Have you ever been in a situation where you were feeling down? (Everyone raising their hands). Maybe it was from being passed over for a job promotion, your last child going off to college, or because someone drank the last glass of wine on a night when you really needed a glass of wine.
How does it make you feel when you’re explaining to someone how you feel and they respond with “It’s ok – be happy!”. Great – now I am not only feeling down, but I am also feeling angry!
That’s because positivity is not always a good thing.
Sometimes what someone really needs to hear is that their feelings are valid. Only after validation and allowing the other person to share their experience is it appropriate to shift the conversation in a positive way.
What is Toxic Positivity?
Toxic positivity is the notion that individuals should maintain a positive outlook no matter how challenging or tough a situation is. While being optimistic and thinking positively can be beneficial, toxic positivity dismisses all difficult emotions in favor of a cheerful and often insincere façade. You may do this to yourself, as well.

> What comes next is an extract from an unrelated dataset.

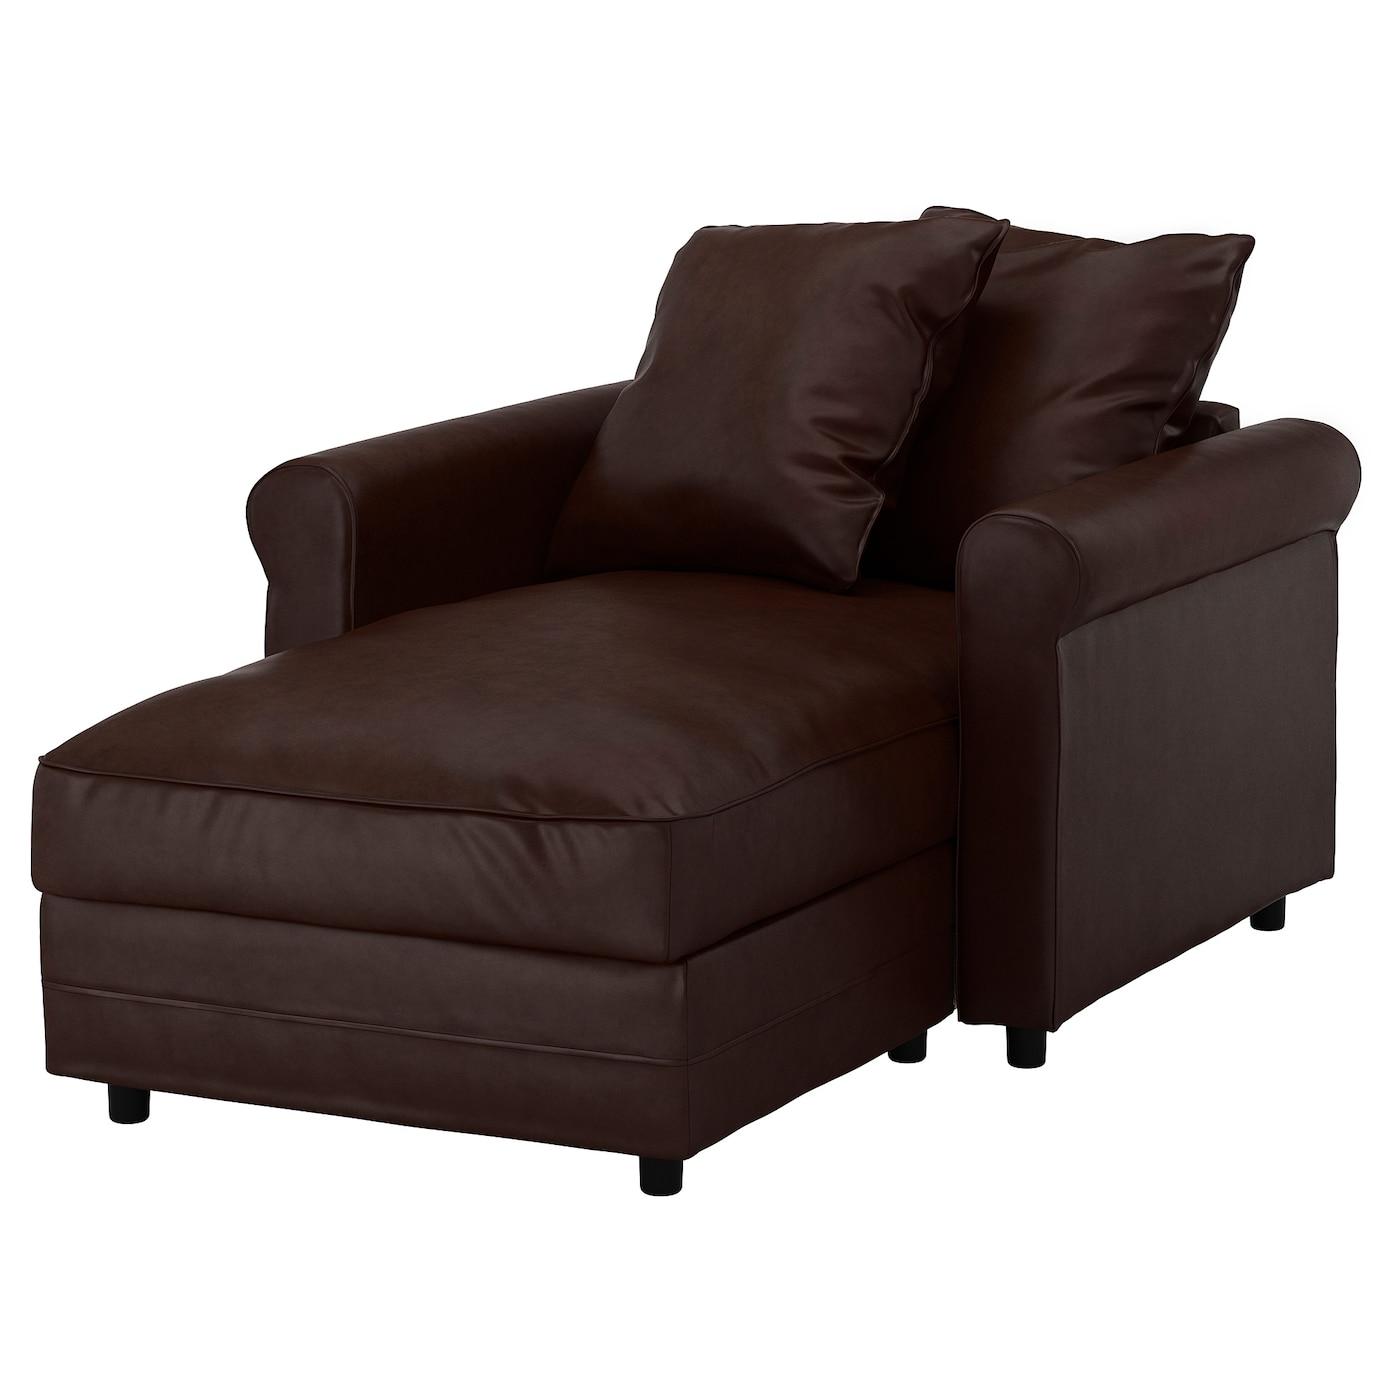 Chaises longues ikea - Copridivano chaise longue ikea ...
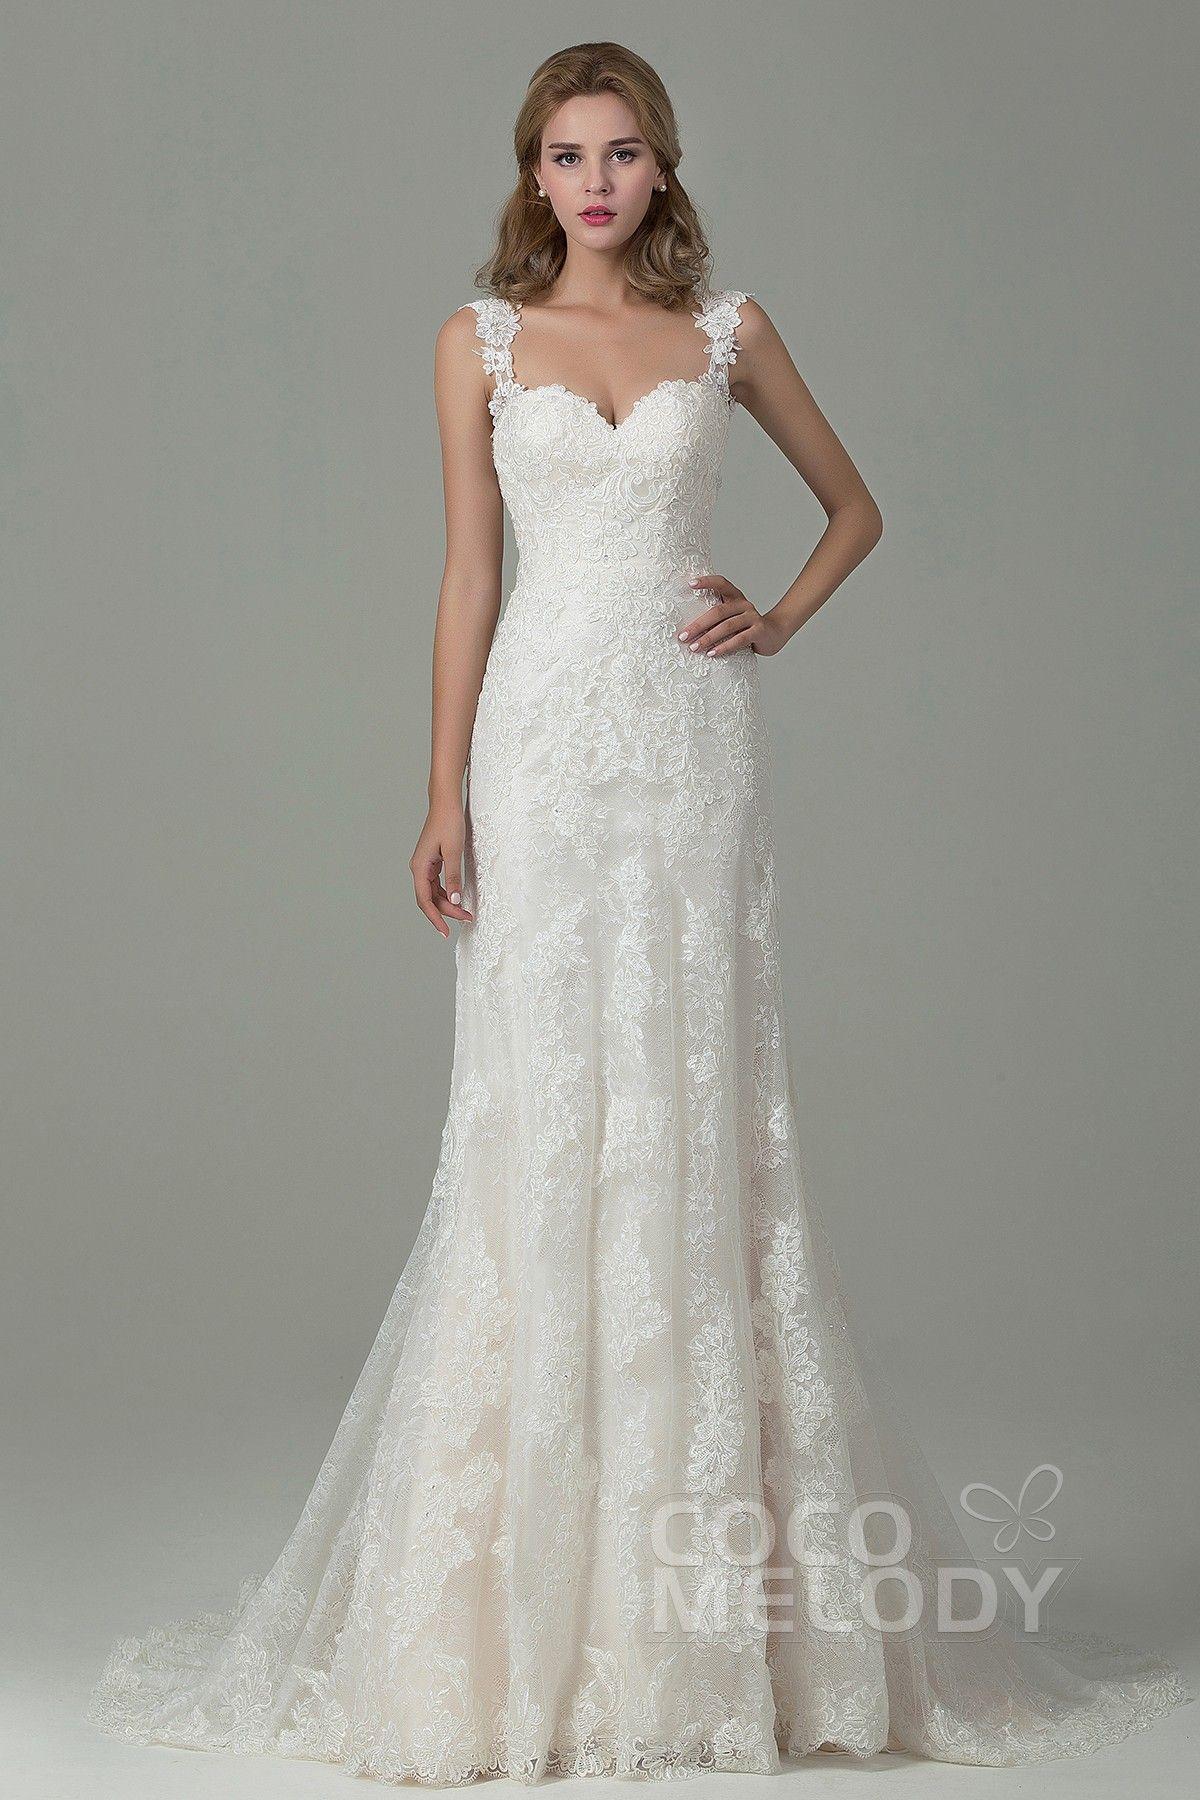 SheathColumn Court Train Lace Wedding Dress with Appliques CWVT15002  My Fairytale Wedding

Having a positive perspective on life is beneficial for your mental well-being. However, life isn’t always positive. We all encounter painful emotions and experiences. Although often unpleasant, these emotions need to be felt and addressed openly and honestly to achieve better psychological health.
If you find yourself using Toxic Positivity by suppressing your real emotions, here are some tips to help you address those moments in a healthy manner.
What does Toxic Positivity sound like?
Note: Toxic positivity doesn’t only come from others. We can exhibit this harmful habit upon ourselves as well. All the statements below are well intended. Learn how to use them at the right time.
- “Ohhh Don’t cry – you’re going to make me cry too!” Did you know – when you
cry the stress hormone, cortisol, is released through your tears? That is why
people generally feel better after crying. So let them cry! - “Look on the bright side.”
- “You shouldn’t feel that way.”
- “Stop – its going to be fine!”
- “Everything happens for a reason.”
Healthy, Non-Toxic Responses when helping others:
- I am listening.
- I am here no matter what.
- That must be hard.
- How can I help?
- I can understand why you would feel that way.
- Say nothing but nod your head as acceptance of their feelings.
- I am sorry to hear that.
How to handle Toxic Positivity from Others
Not everyone realizes that their optimism can be harmful. We generally share things with people we know well and in that case, you know what to expect from them. If you expect them to interrupt, try to fix it or try to make you feel better with the “well intended” but toxic statements – start the conversation by telling them what you need; for them to listen and not try to fix it. This works well in intimate relationships.
When is it ok to bring in the Positivity?
Timing is everything. Knowing what to say and when to say it is a skill. At first – just listen and validate. Allow as much time to pass as needed for them to share the story and for you to validate. When you sense they are starting to feel better because of your amazing listening skills – test a bit of positivity to see if it lands. If it does – keep going. If not – draw it back.
Being mindful of Toxic Positivity will lead to a better relationship with yourself and others. Restock the wine – raise your glass and cheers to building better and stronger relationships!